Some companies offer AI-driven phone help and appointment scheduling that reduce office work and make patient communication smoother. This lowers no-shows and improves patient access.
SMAs help reduce healthcare gaps seen in low-income, rural, and BIPOC groups. Social, economic, and cultural barriers often stop these groups from getting regular care. Group visits, in person or virtual, help by lowering travel needs, offering more appointments, and providing community support for managing diseases.
Group visits that respect language, diet, and traditions build better trust and engagement. Health coaching and behavioral support tailored to community needs strengthen patient relationships over time.
Studies show SMAs with health coaching help rural and underserved patients better manage diabetes by increasing knowledge, skills, and confidence.
Medical offices should plan for costs like staff training, patient recruitment, EMR changes, and setting up space for SMAs. Still, studies show SMAs usually have neutral or positive financial results in the medium to long term.
Shared Medical Appointments offer a way to improve managing chronic diseases by combining medical care, patient education, and group support. Research from different U.S. healthcare settings shows SMAs improve patient satisfaction, health results, and provider efficiency while keeping or lowering healthcare costs.
Using telehealth and new technology tools like AI and automation help make SMAs easier to run and grow in many practices. For medical practice managers, owners, and IT staff, adding SMAs using digital tools and team care can help with challenges in chronic disease care, improve patient access and involvement, and keep practices financially stable as healthcare changes.
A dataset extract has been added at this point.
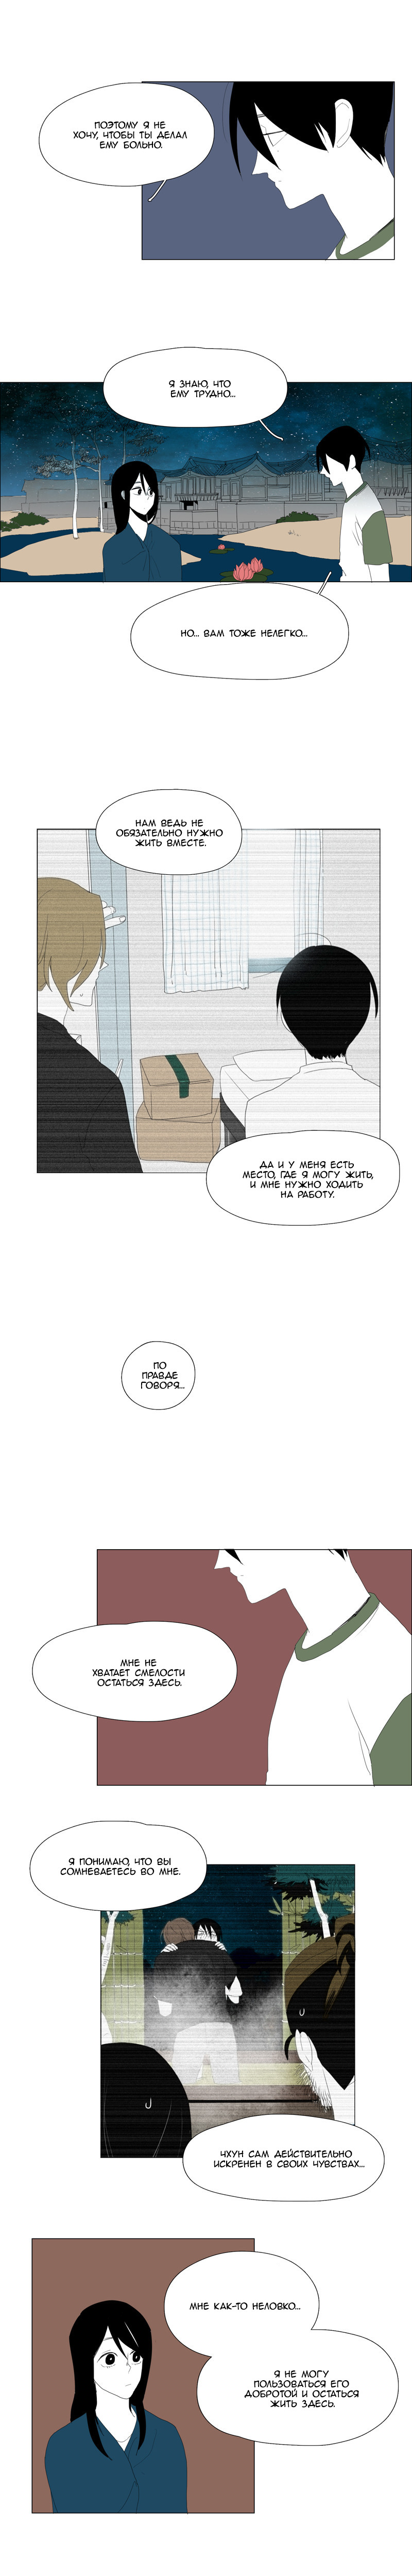 https://r1.ninemanga.com/comics/pic2/33/27873/311923/1477614074905.jpg Page 4

Underserved populations, particularly BIPOC and rural communities, face economic, social, and cultural barriers including affordability, limited availability of services, and lack of continuous relationships with healthcare providers.
Telehealth can enhance access by offering remote consultations, thereby overcoming barriers related to transportation and scheduling while allowing for personalized health support and frequent practitioner-patient contact.
A continuous relationship with healthcare providers fosters trust, which is critical for enhancing care access, especially for low-income families who may face multiple barriers.
Team-based care involves multiple healthcare staff collaborating on patient care, enhancing communication, expanding access, and efficiently delivering essential services like patient education and self-management.
SMAs involve groups of patients with similar conditions meeting with healthcare providers, allowing cost-effective education, peer support, and improved patient empowerment and satisfaction.
Studies indicated that community-based approaches including health coaching significantly improved patient engagement and self-management skills in low-income adults with type 2 diabetes.
Cultural background, primary language, and social circumstances are critical to developing effective treatment plans, as they shape patients’ experiences and access to care.
Telemedicine can address challenges related to distance and transportation, providing personalized health interventions that improve chronic disease management outcomes.
Health coaching has been shown to enhance knowledge, skills, and confidence in patients, significantly improving their ability to manage chronic conditions.
Group visits in functional medicine provide educational opportunities, foster peer support, and allow for deeper engagement with patients, ultimately improving health outcomes and patient satisfaction.